All methods with the exception of iClusterBayes identified at least one cluster in glioblastoma (GBM) with a significantly differential prognosis. We used these GBM data to investigate the reproducibility and robustness of the methods; i.e., whether sample labels, the p values for the log rank test, or the number of enriched clinical parameters change if we changed the seed to the random number generator used by the methods and the assessment calculations. We ran each method 10 times using random seeds and found that the methods were stable to different extents on these data (Figure S2C). NEMO gave the same result in each of the 10 runs, whereas SUMO showed small deviations in the p values for survival, but the remaining methods showed variation in the p value of the log rank test and the χ² test used to assess the enrichment of clinical parameters. PINSPlus results varied significantly in terms of survival and enrichment of clinical labels. It is likely that most of these methods, with the exception of NEMO, CIMLR, and iClusterBayes, would benefit from a resampling approach similar to that used by SUMO to generate more consistent subgroups in the data.

SUMO applied to all TCGA cancer datasets

The benchmark from Rappoport and Shamir (2018) contains imputed and pre-filtered data from three different modalities: gene expression, DNA methylation, and miRNA expression for 10 cancers sequenced by TCGA. To further assess the performance of SUMO, we downloaded the harmonized gene expression and DNA methylation datasets for 34 cancers sequenced by TCGA from UCSC Xena, along with the miRNA expression for the 32 cancers where the data were available.

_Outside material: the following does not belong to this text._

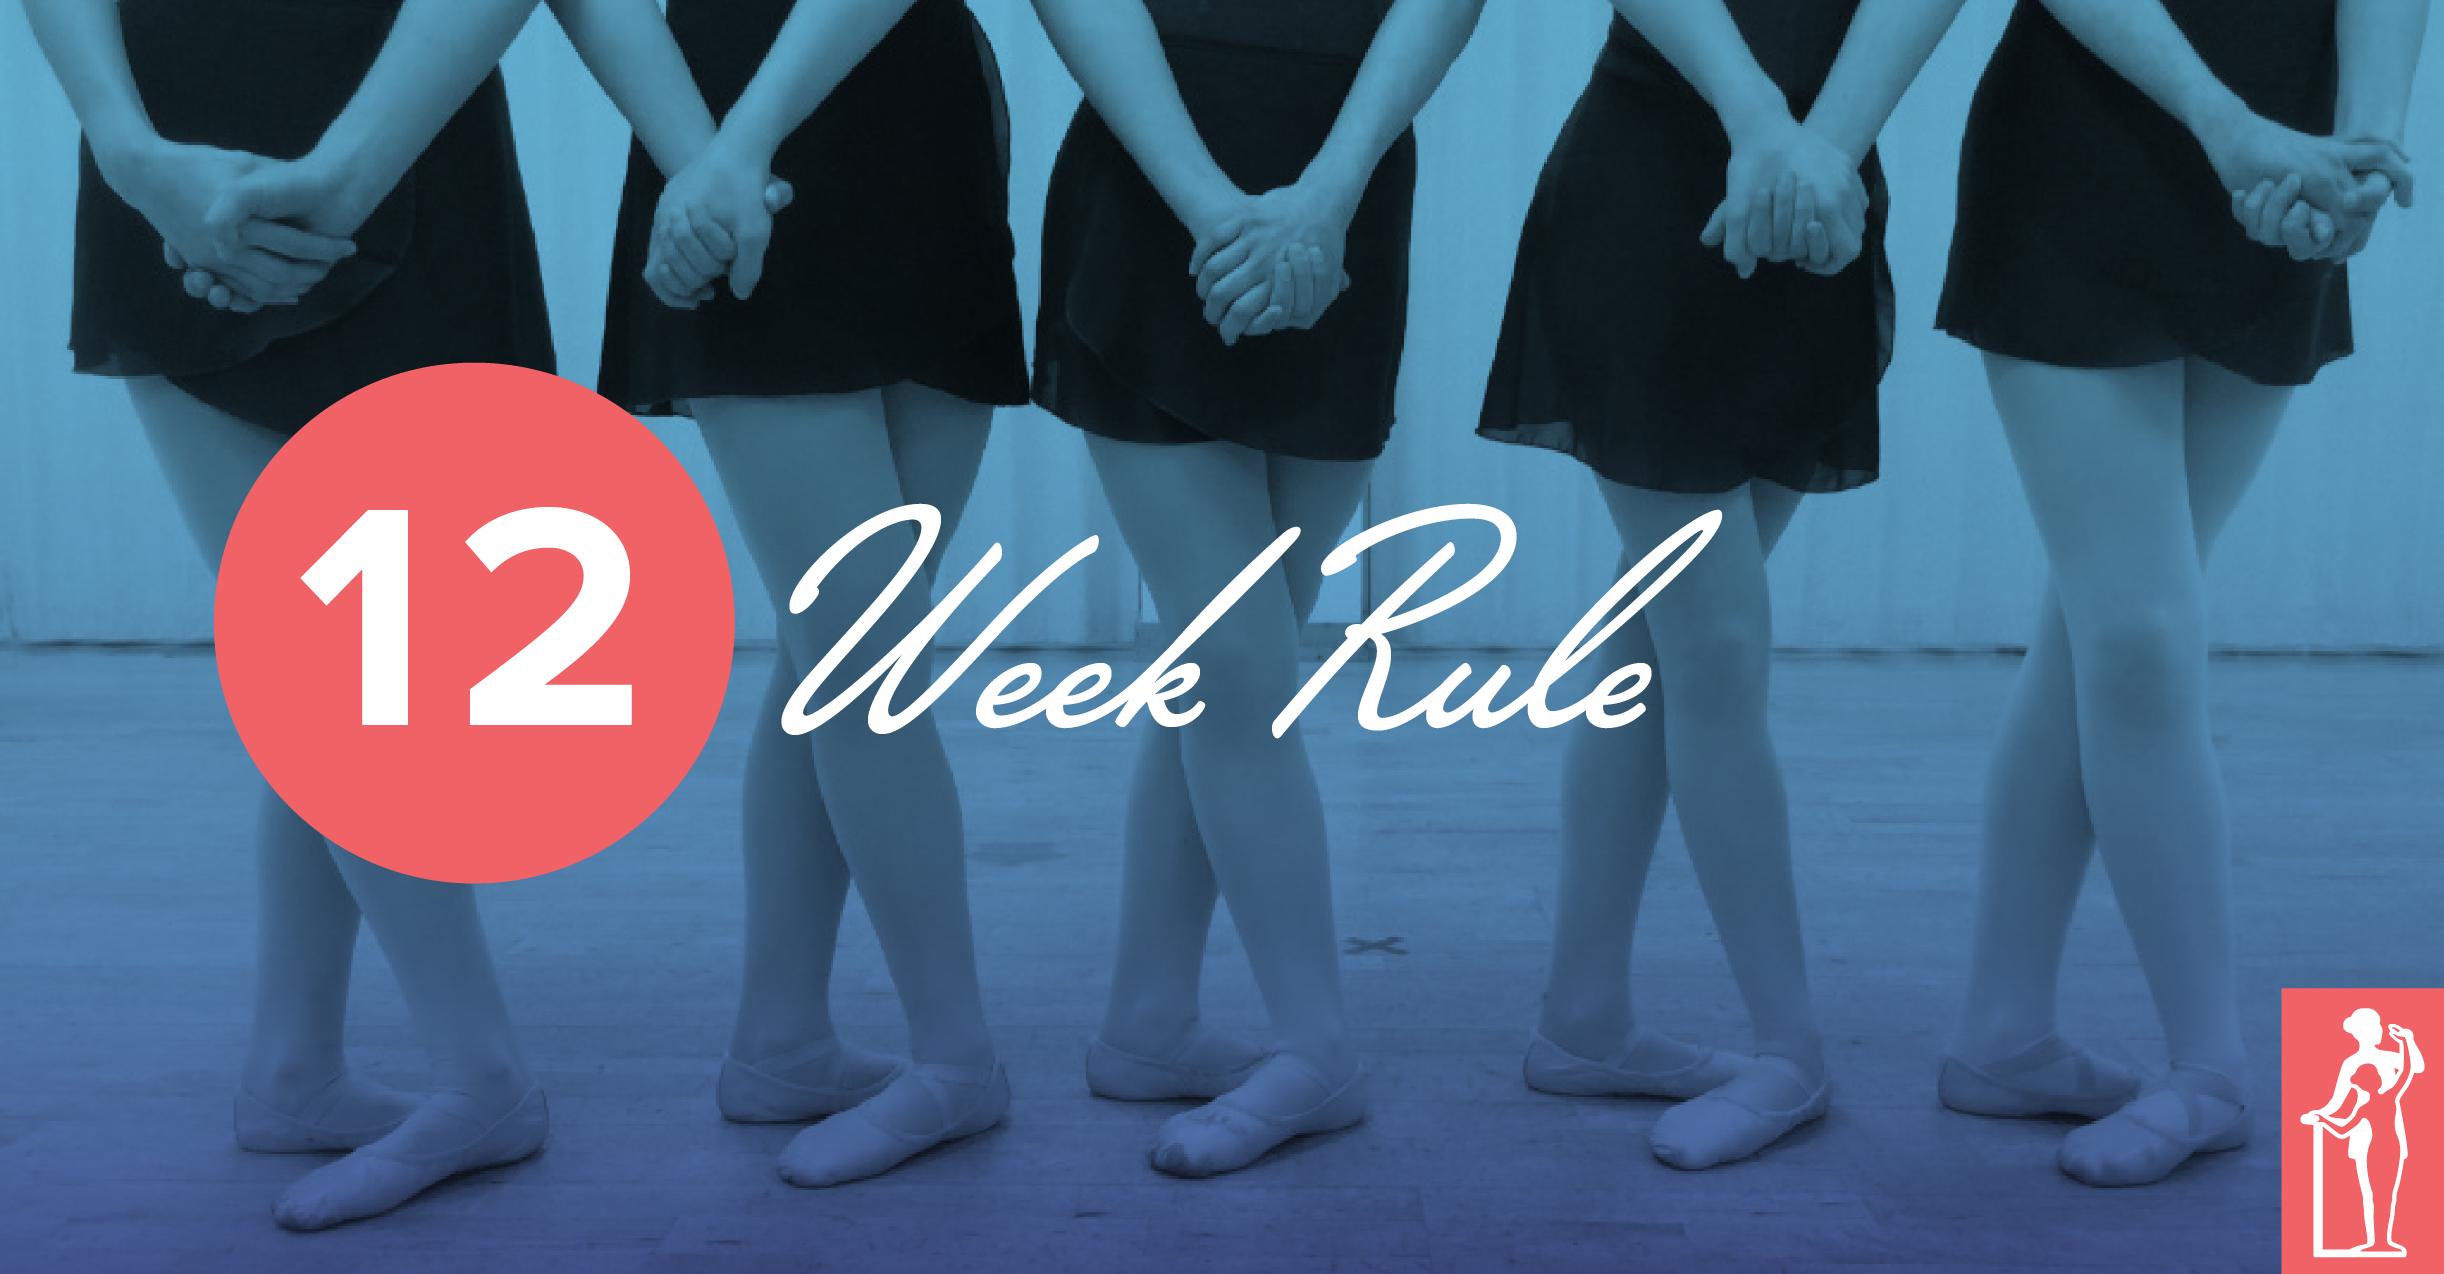 12 Week Rule
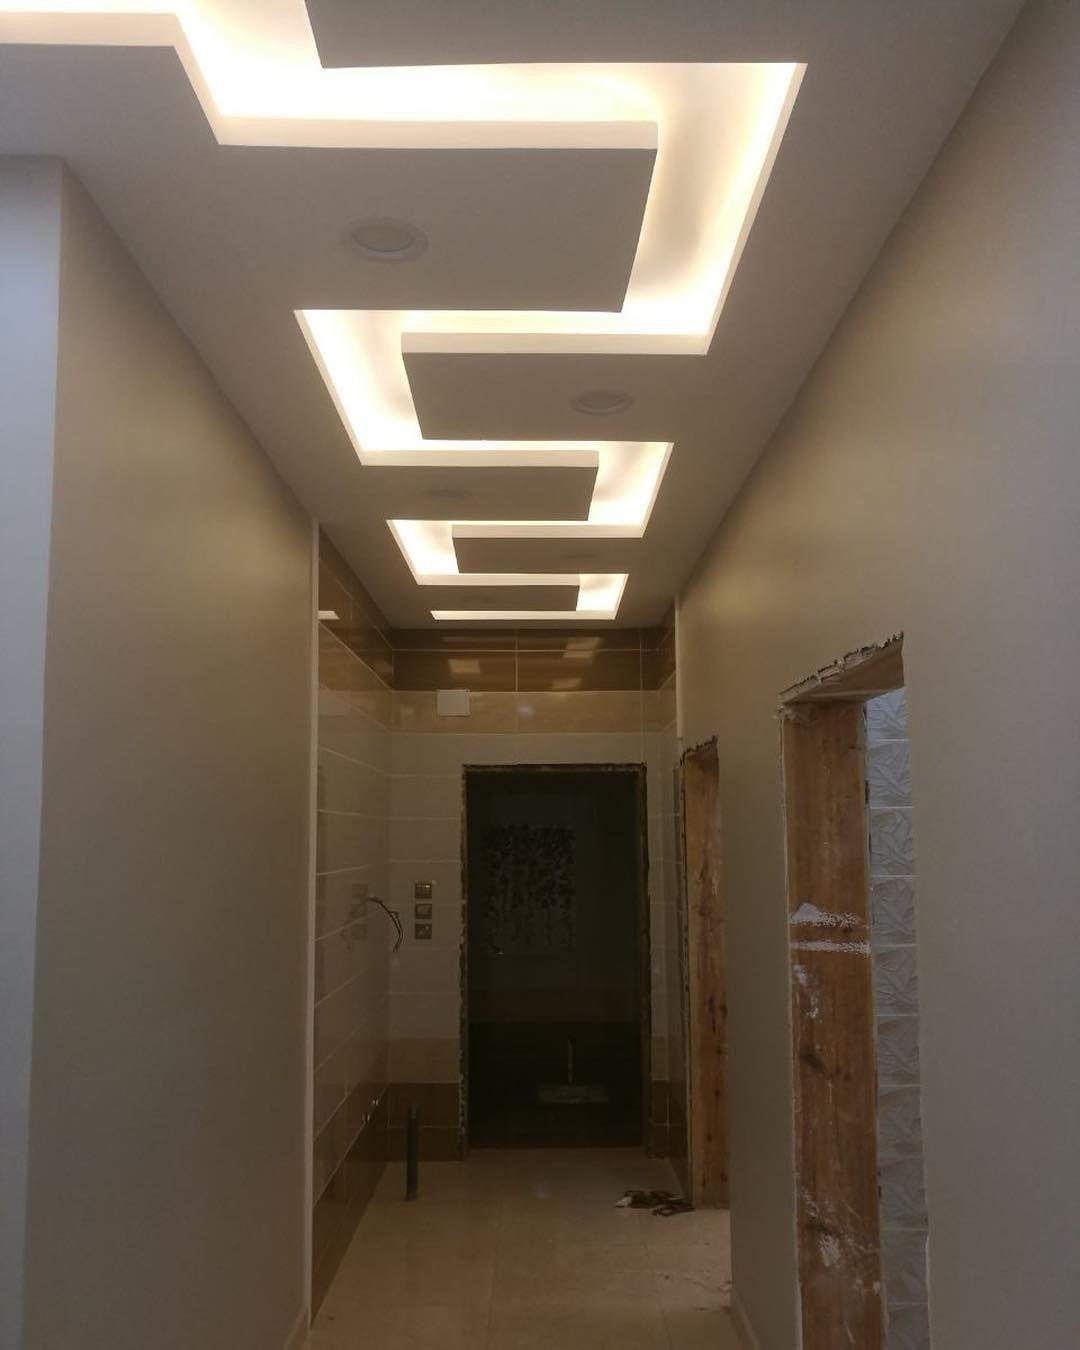 Ceiling Designs For Living Room Philippines: الجواد للديكور 03223715

We also downloaded two breast cancer datasets from METABRIC. We then used SUMO and the other seven methods to subtype each cancer based on the available modalities without any imputation. Detailed information about the datasets used in this analysis can be found in Tables S1D and S1E.

For each cancer, we again chose or calculated parameters for the methods, as suggested by the authors, without considering the survival parameters. We then used a log rank test to assess whether at least one of the subtypes showed significantly differential survival. A log rank test was performed using overall survival (OS) for all TCGA cancers except diffuse large B cell lymphoma (DLBC), testicular germ cell tumors (TCGT), thymoma (THYM), and pheochromocytoma and paraganglioma cancer (PCPG). Based on the recommendations by Liu et al., 2018, we used progression-free survival for DLBC, TCGT, and THYM. A survival analysis was not run for PCPG because none of the clinical endpoints are recommended for such an analysis. Disease-free survival data were used for METABRIC datasets. The p values for the log rank test were calculated using permutation tests.

SUMO finds at least one significantly different prognostic cluster (p < 0.05) in 19 cancers, which is the most among the compared methods, followed by NEMO, which finds prognostic clusters in 17 cancers (Figure 4A). All methods identify at least one differentially prognostic cluster for four datasets (ACC, LGG, METABRIC Discovery, and METABRIC Validation), whereas such differentially prognostic clusters are identified by a single method for six datasets (Figure 4A). Overall, SUMO had the total best prognostic value (sum of −log₁₀ p = 89.8) and the best median prognostic value (−log₁₀ p = 1.44) among the methods compared in this analysis (Figure 4B). For nine of the datasets, SUMO has the lowest p values for the log rank test, followed by LRACluster, which has the lowest p values for seven datasets. For SUMO, the integration of data types improved its ability to identify differentially prognostic clusters, as determined by the increase in the median of Cox −log₁₀ p values (Figure 4C) when the various data types are integrated.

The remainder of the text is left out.